--- Task directions ---
The copy you return must match the listing word for word and carry no pictures.

--- Given material ---

··········

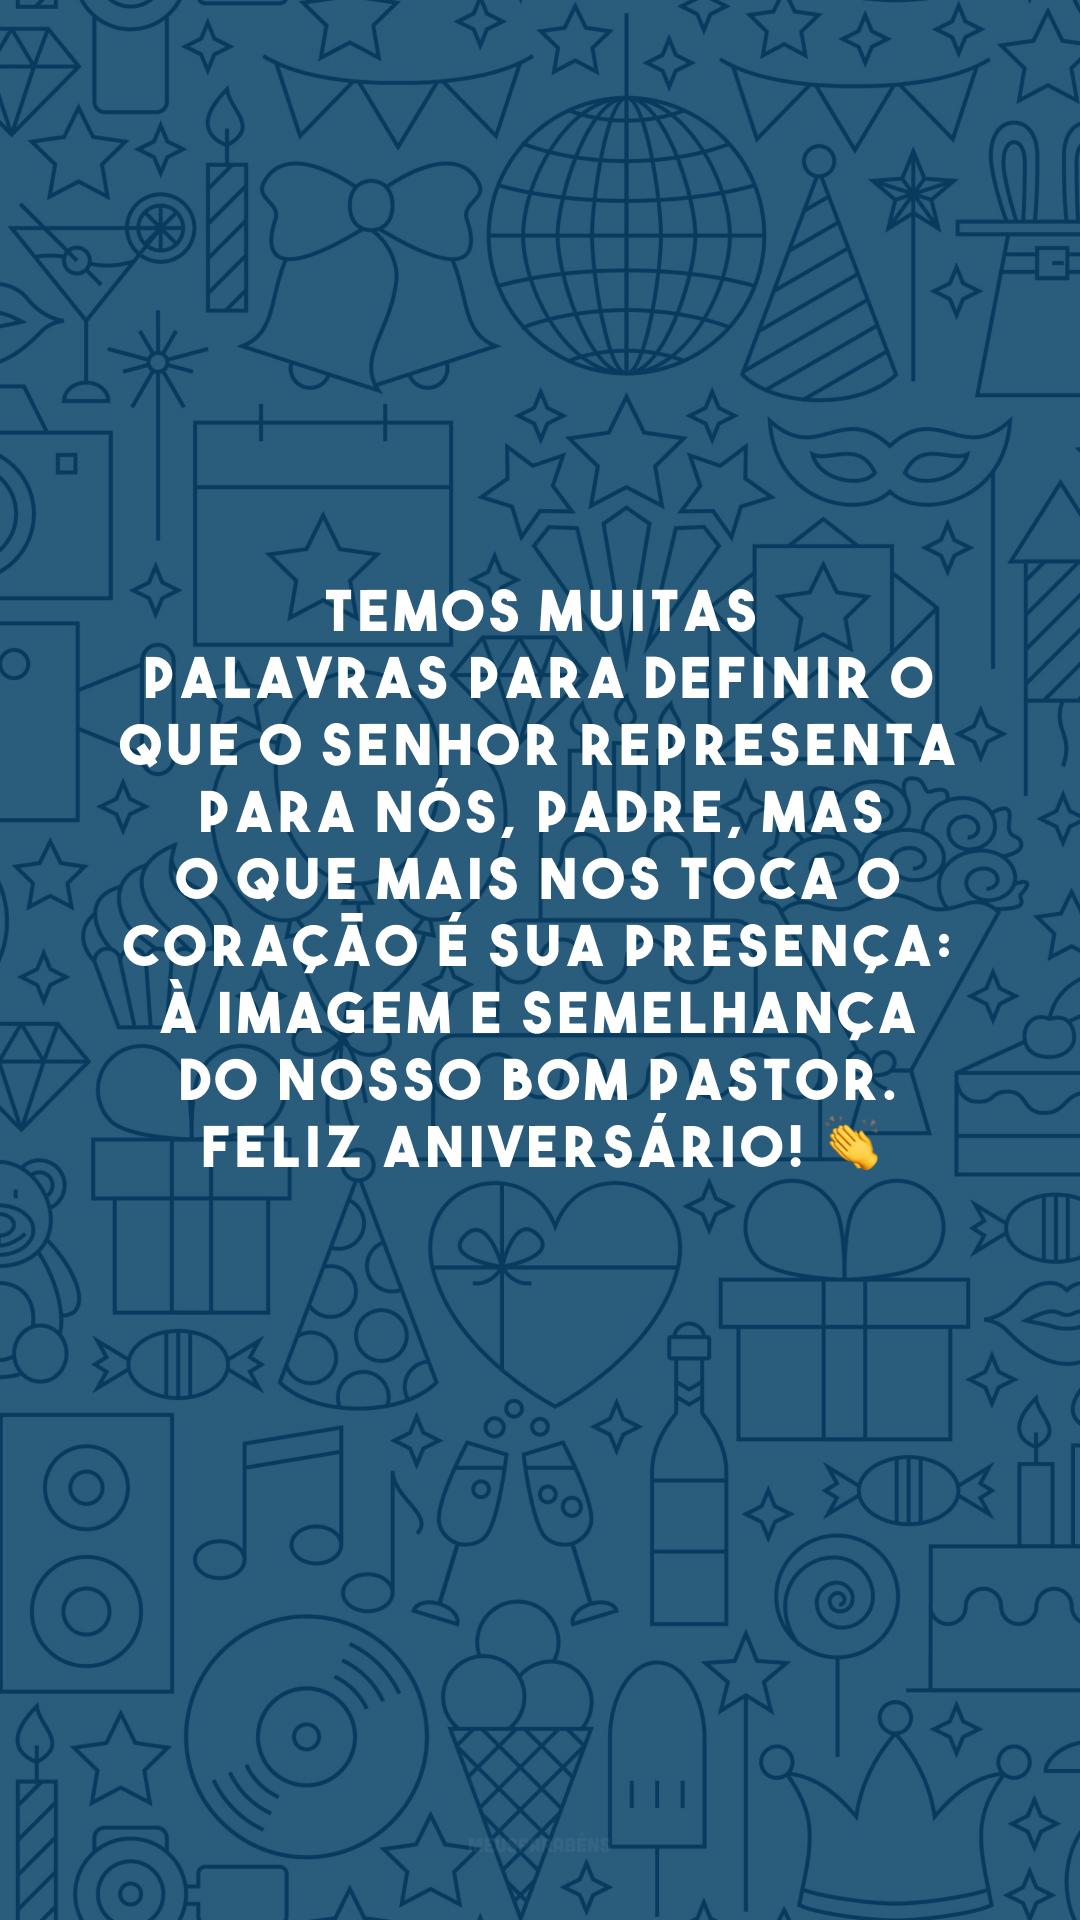 Temos muitas palavras para definir o que o senhor representa para nós, padre, mas o que mais nos toca o coração é sua presença: à imagem e semelhança do nosso Bom Pastor. Feliz aniversário! 👏
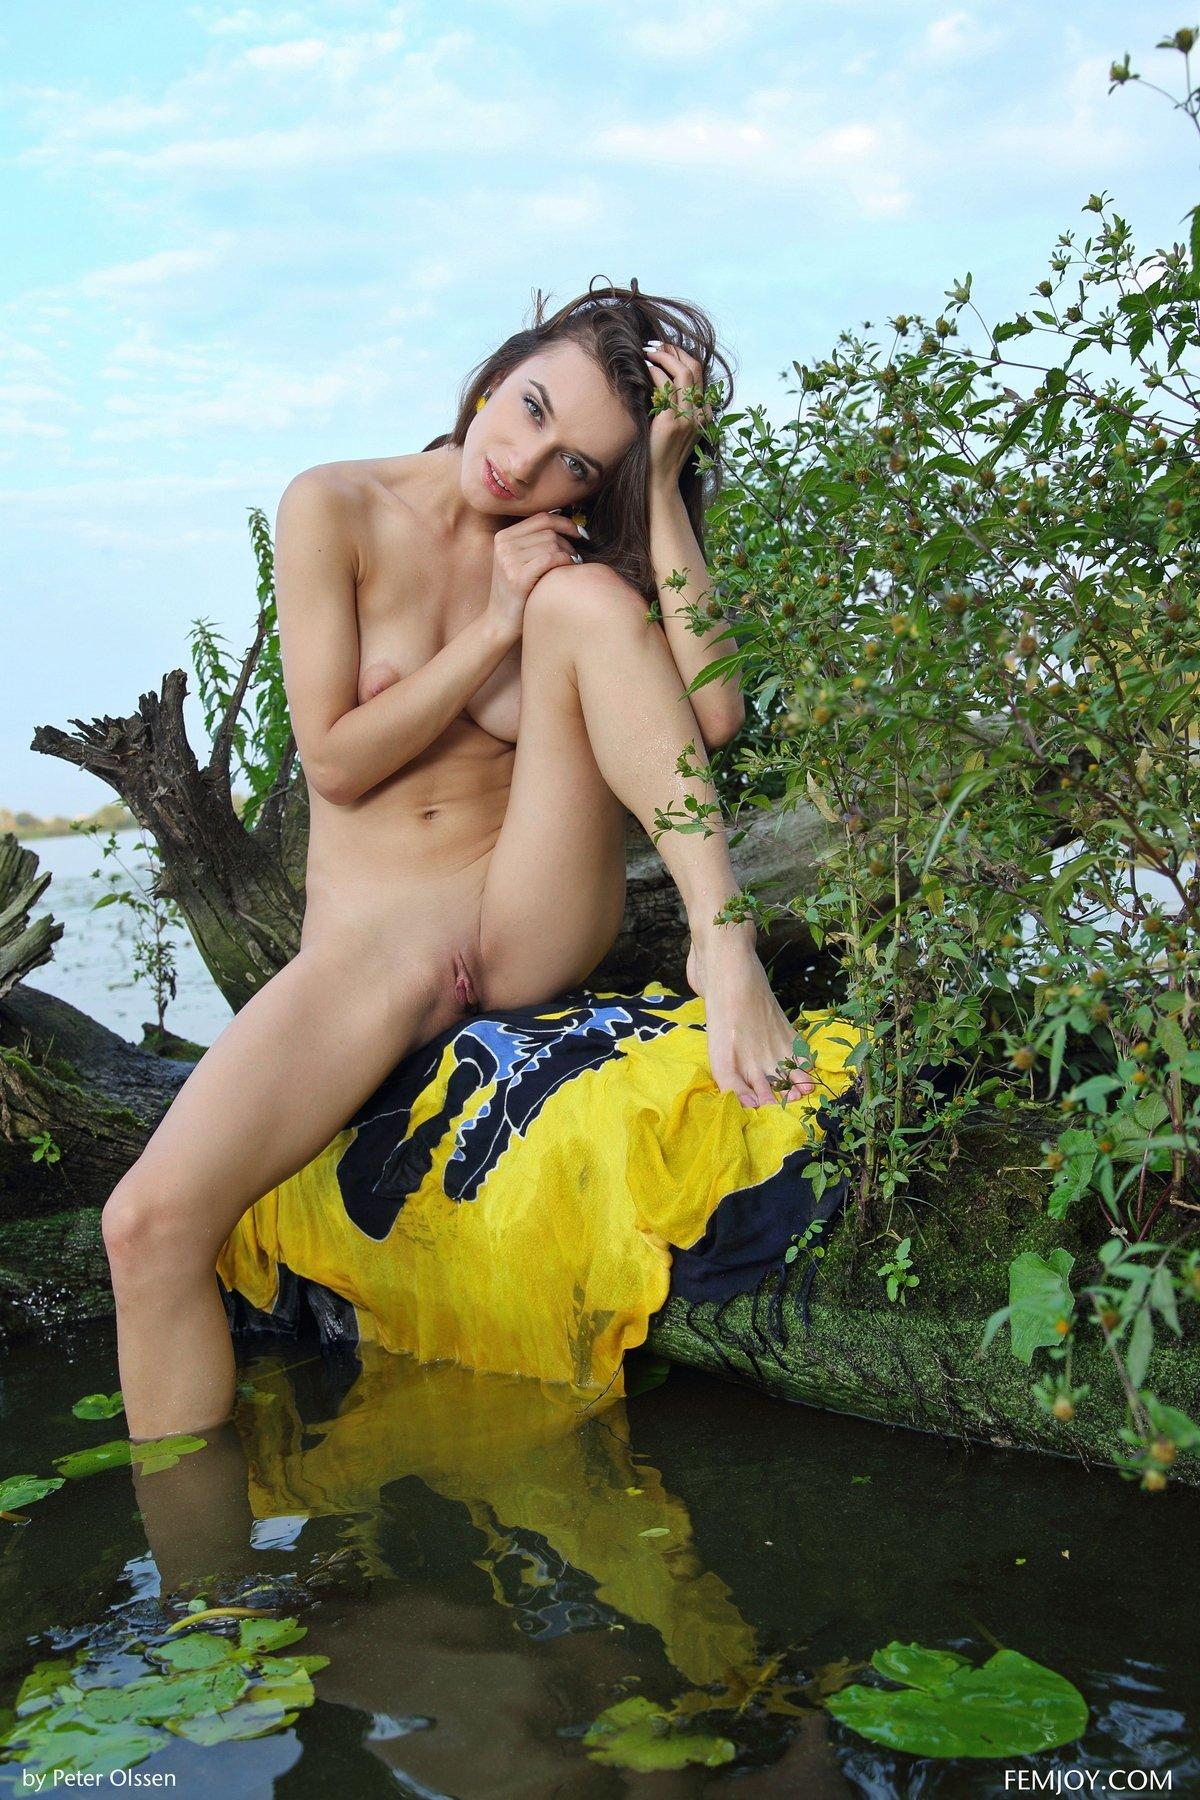 Фото ню 18-летней девки недалеко от пруда
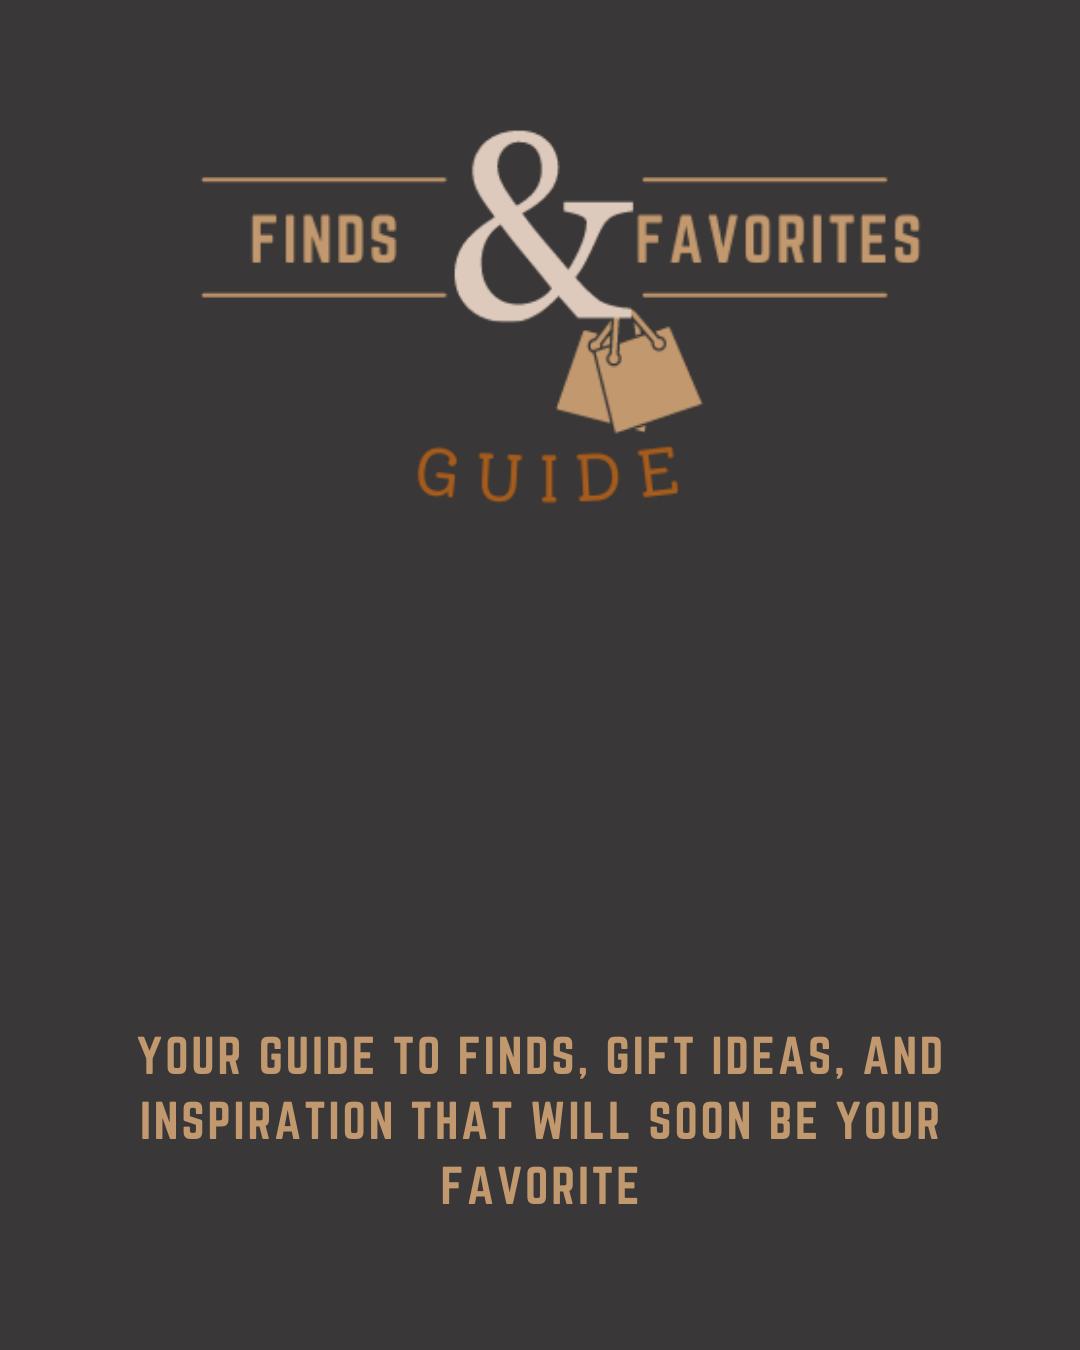 Finds & Favorites Guide
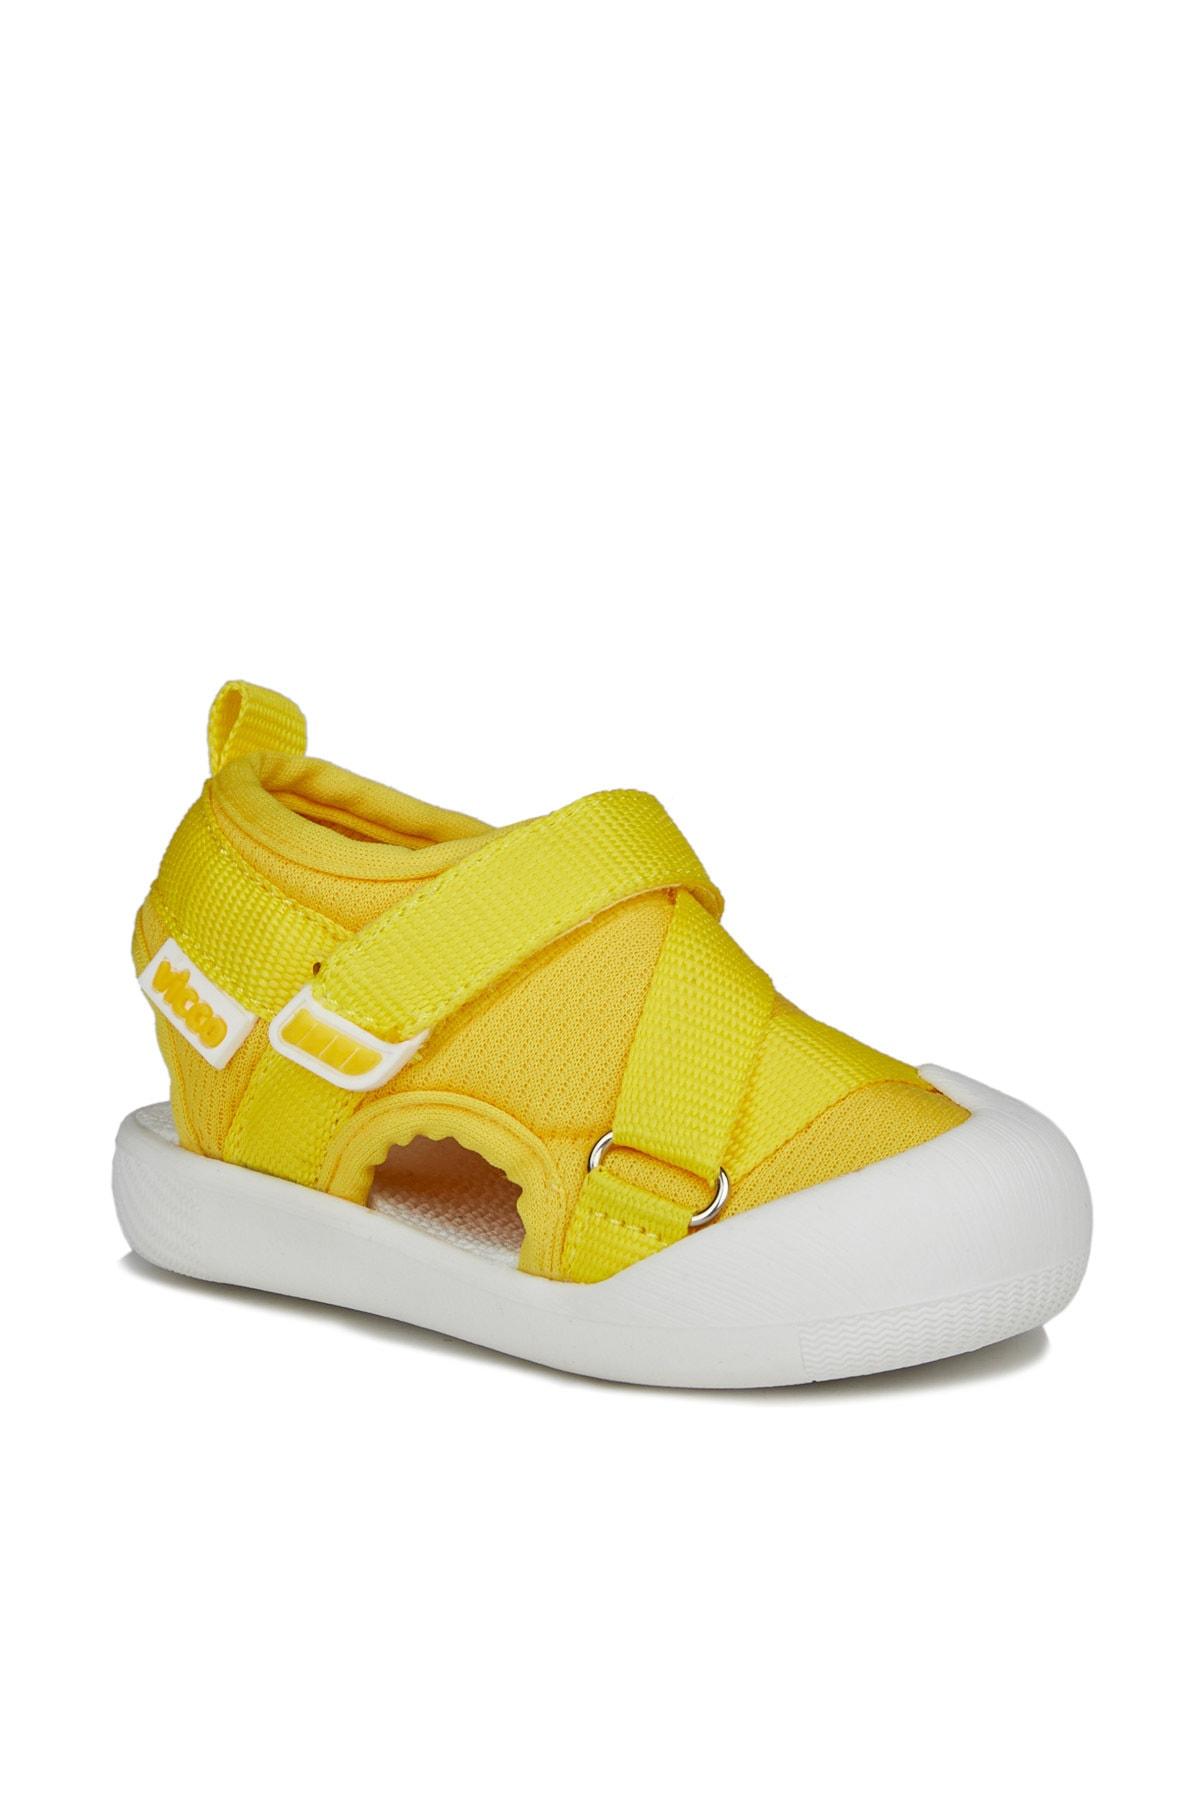 Lolipop Unisex Ilk Adım Sarı Sandalet

··········

--- Result for this task ---
 Temos muitas palavras para definir o que o senhor representa para nós, padre, mas o que mais nos toca o coração é sua presença: à imagem e semelhança do nosso Bom Pastor. Feliz aniversário! 👏
 Фото ню 18-летней девки недалеко от пруда
 Finds & Favorites Guide
 Lolipop Unisex Ilk Adım Sarı Sandalet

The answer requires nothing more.